Tracing garbage collectors can be implemented in various ways to identify the
"roots" of known memory so that they can trace from the roots through all
necessary references to determine which memory allocations can be freed.
This crate exposes a `Root<T>` type which behaves similarly to an `Arc<T>` but
automatically becomes a root for the collector. `Root<T>` implements
`Deref<Target = T>`, allowing access to the underlying data even while the
collector is running.
The `Ref<T>` type implements `Copy` and does not provide direct access to the
underlying data. To get a reference to the underlying data, a weak reference
must be upgraded using a `CollectionGuard`. The returned reference is tied to
the guard, which prevents collection from running while any guards are held.

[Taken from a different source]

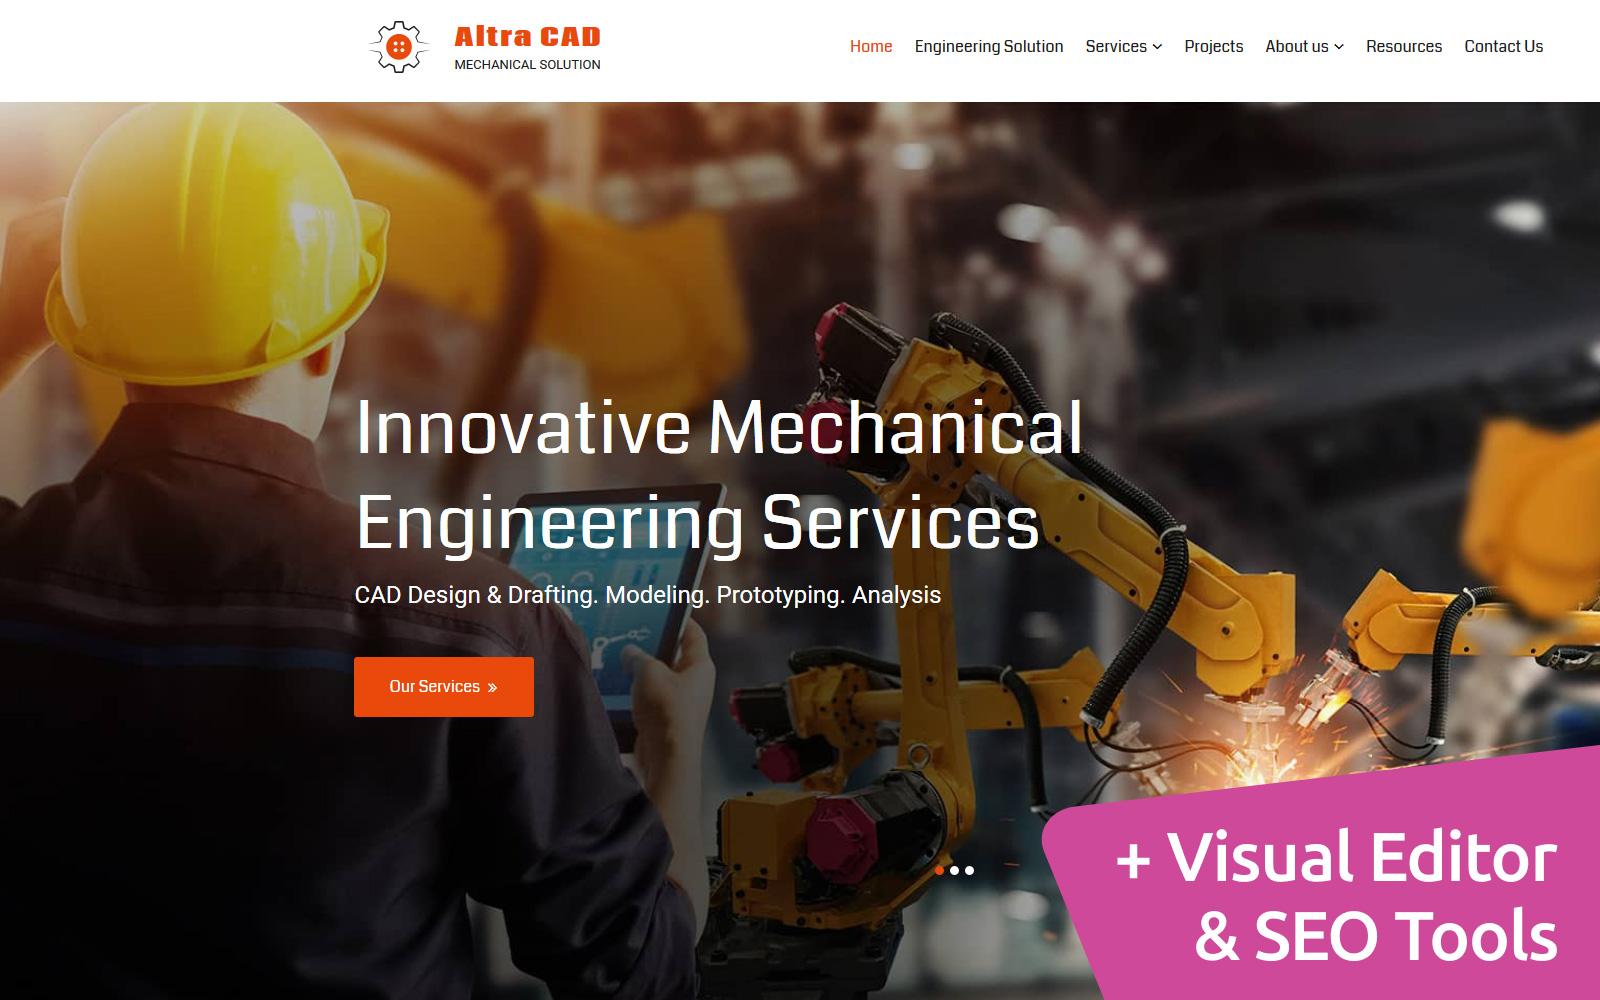 Reszponzív Altra CAD - Mechanical Solution Moto CMS 3 sablon 106468

A `CollectionGuard` is needed to:
- Allocate a new `Root<T>` or `Ref<T>`
- Load an `&T` from a `Ref<T>`
## Safety
This crate has safety comments next to each usage of unsafe, and passes Miri
tests when provided the flags:
```sh
MIRIFLAGS="-Zmiri-permissive-provenance -Zmiri-ignore-leaks" cargo +nightly miri test
```
- `-Zmiri-permissive-provenance`: `parking_lot` internally casts a usize to a
pointer, which breaks pointer provenance rules. Pointer provinence is
currently only an experimental model, and nothing this collector is using
from `parking_lot` couldn't be implemented in a fashion that honors pointer
provinence. Thus, this library's author consider's this an implementation
detail that can be ignored.
- `-Zmiri-ignore-leaks`: This crate spawns a global collector thread that never
shuts down. Miri detects that the main thread does not wait for spawned
threads to shut down and warns about this potential memory leak. When a thread
is shut down and all of its data is no longer reachable, the thread storage
will be cleaned up. However, the collector never shuts down and assumes that
new threads could still be spawned at any given time.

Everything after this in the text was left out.